End-to-end ML workflow
You practice framing prediction problems, building train and validation splits that respect time ordering when needed, and establishing naive baselines before reaching for complex models. Feature discussions emphasize leakage paths through target encoding, future information sneaking into joins, and why cross-validation must mirror deployment constraints. Documentation habits begin early: every experiment notes data version, random seed, and evaluation metrics so results stay comparable.
Model families for tabular data
Lessons compare linear models, regularized regression, tree-based ensembles, and when complexity buys marginal gains. You interpret feature importance cautiously, knowing correlated features can distort rankings. Hyperparameter topics stay practical: reasonable search ranges, validation curves, and stopping rules that avoid endless tuning. Labs use small, interpretable datasets so intuition develops before cloud-scale tooling.
Evaluation and deployment-aware metrics
You study accuracy pitfalls on imbalanced targets, precision-recall trade-offs, calibration for probability outputs, and threshold selection tied to business costs. Scenarios include asymmetric error costs such as fraud or medical triage proxies. Visualization exercises plot ROC-style summaries without overfitting to a single operating point.

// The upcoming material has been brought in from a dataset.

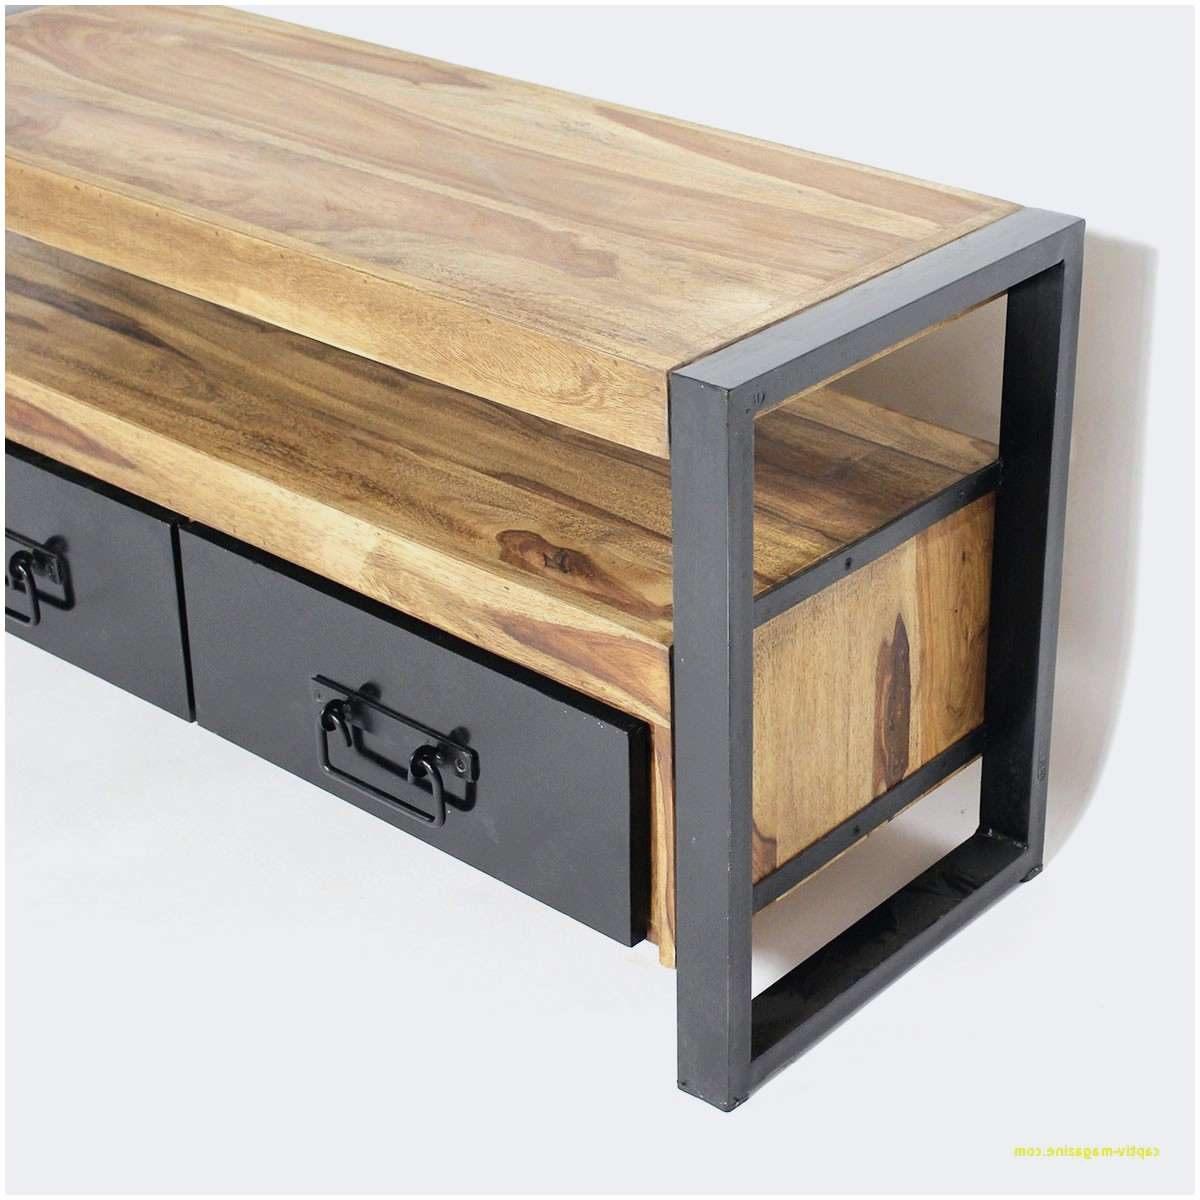 tete de lit cuir fra che 62 tete de lit design italien. Black Bedroom Furniture Sets. Home Design Ideas
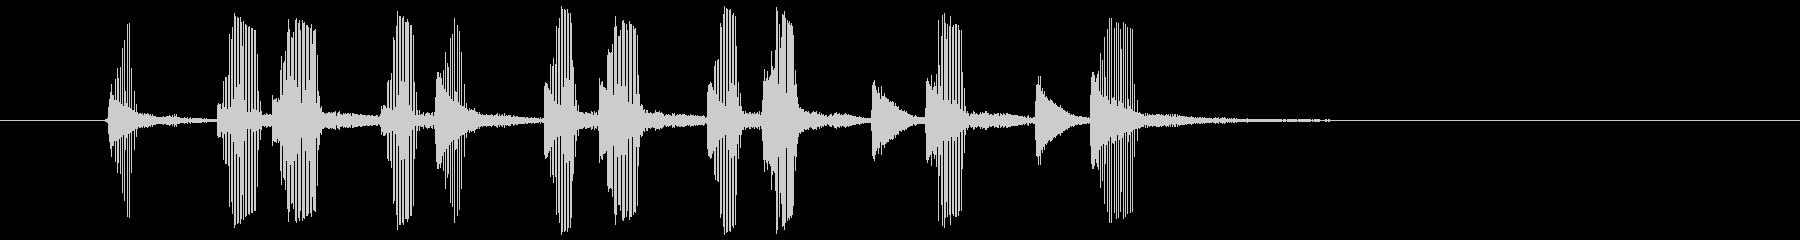 パパパッパパッパパ(電子ラッパ音)の未再生の波形

Ethics, monitoring, and human oversight
The final block introduces fairness considerations, subgroup checks, model cards, and governance habits for production monitoring. Discussions cover feedback loops when models influence future data, and when human review must remain mandatory. You leave with a checklist for responsible handoffs to engineering teams who will own serving and alerts.
Applied lab extension
Optional deeper dives let you compare two algorithms on the same dataset with honest reporting of compute cost and interpretability trade-offs. You rehearse explaining model limitations to product managers who want certainty you cannot ethically provide. Supplementary notebooks introduce cross-validation nuances for small samples without pushing you into heavy mathematical proofs. Facilitators emphasize documentation habits so teammates can reproduce your splits and random seeds months later. Peer code reviews focus on clarity of probability outputs and on calling out data leakage risks before merge requests land in shared repositories. You may optionally present findings in a lunch-and-learn format.